PubMed Identifiers (PMID) are an alternate accession given to articles in MEDLINE by the [PubMed](http://www.ncbi.nlm.nih.gov/pubmed) service. Unfortunately, the PubMed API and its [documentation](http://www.ncbi.nlm.nih.gov/home/api.shtml) are not so straightforwards. 
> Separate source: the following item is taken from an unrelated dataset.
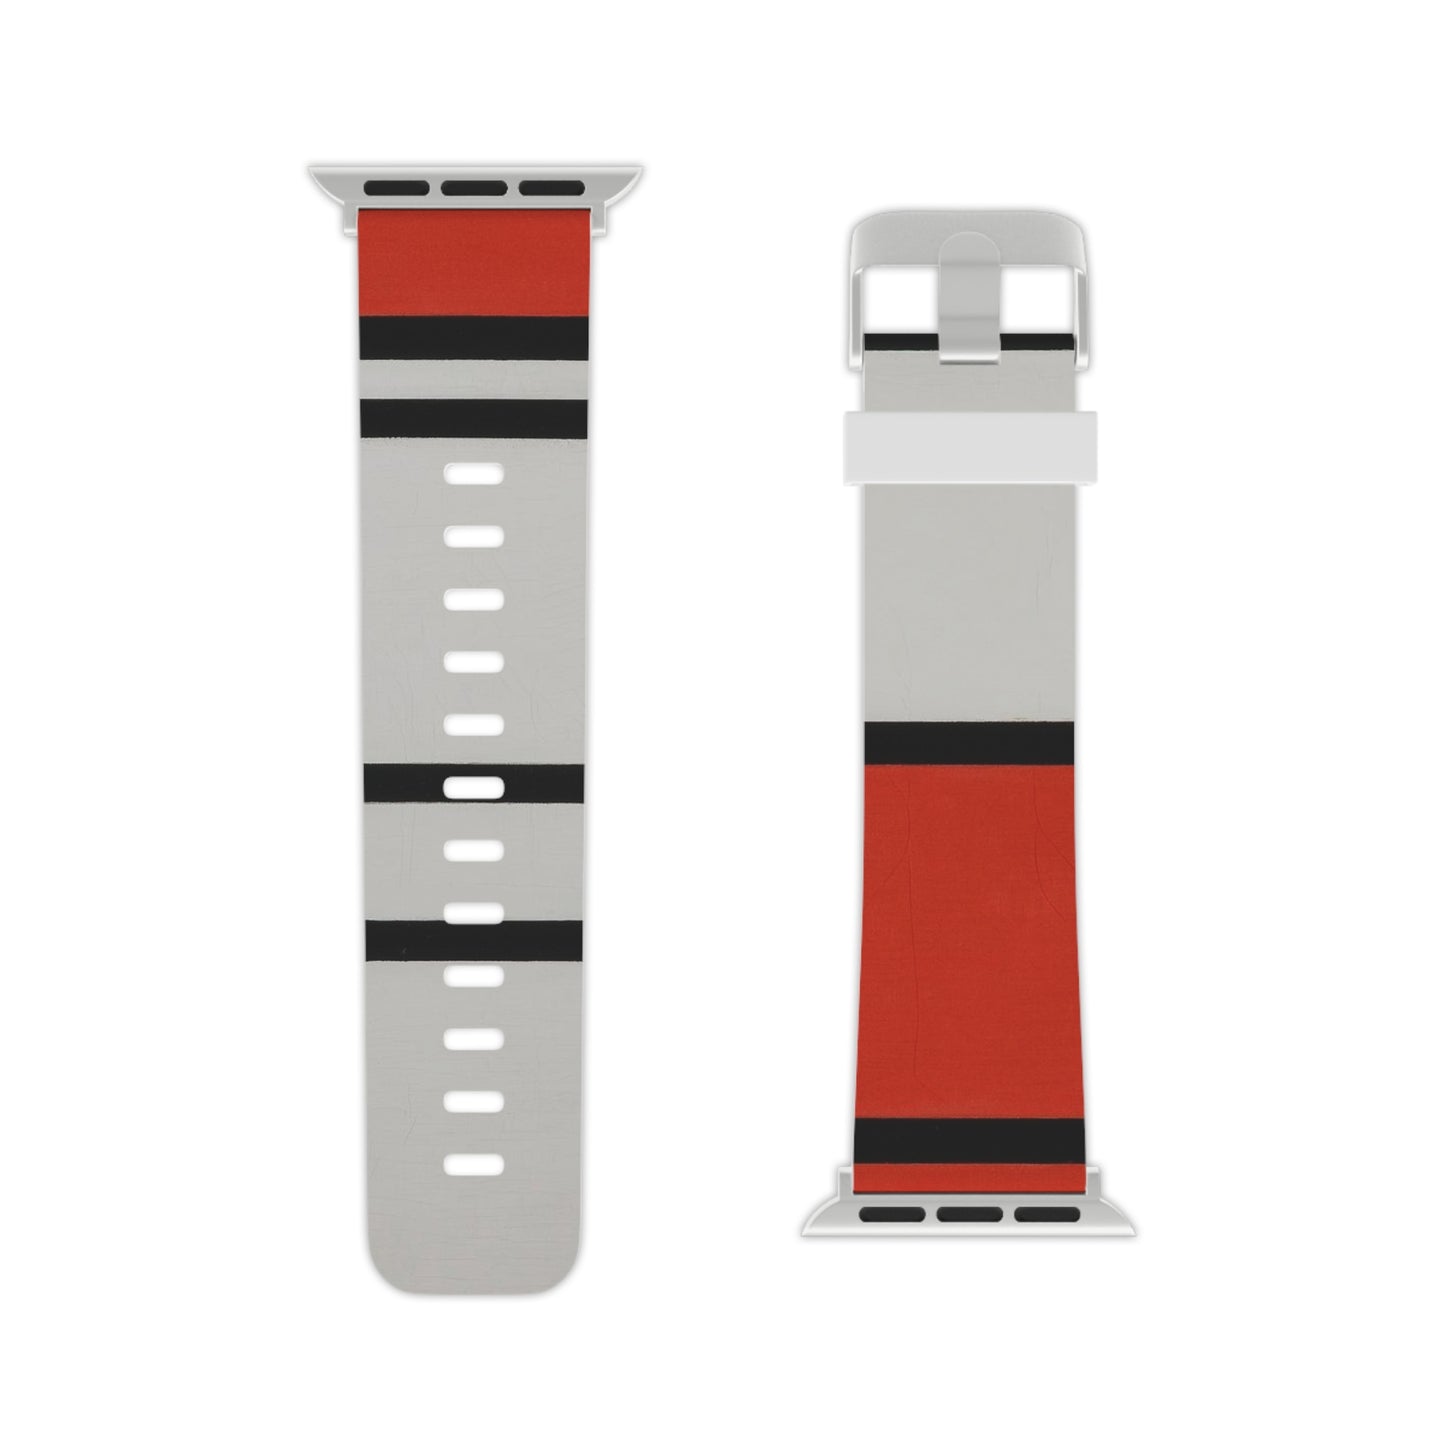 PIET MONDRIAN - COMPOSITION OF RED AND WHITE; Nom 1, COMPOSITION No. 4 WITH RED AND BLUE - ART WATCH BAND FOR APPLE WATCH

Fred Trotter made a nice write-up on how to use it on his [blog](http://www.fredtrotter.com/2014/11/14/hacking-on-the-pubmed-api/).

## AltMetric

AltMetric already solved all of the problems with retreiving, curating, and publishing literature metadata, but it's limited for free users. They have a DOI endpoint at http://api.altmetric.com/v1/doi and a PMID endpoing at http://api.altmetric.com/v1/pmid.

In [4]:
pmid_ex = "23942530"
altmetric_endpoint = "http://api.altmetric.com/v1/pmid/"

In [9]:
res = requests.get(altmetric_endpoint + pmid_ex).json()
print(set(res.keys()))

{'abstract', 'readers', 'is_oa', 'pmid', 'score', 'cohorts', 'type', 'added_on', 'details_url', 'doi', 'abstract_source', 'history', 'readers_count', 'cited_by_tweeters_count', 'issns', 'images', 'cited_by_posts_count', 'journal', 'url', 'altmetric_id', 'scopus_subjects', 'schema', 'subjects', 'last_updated', 'cited_by_accounts_count', 'altmetric_jid', 'published_on', 'context', 'publisher_subjects', 'title'}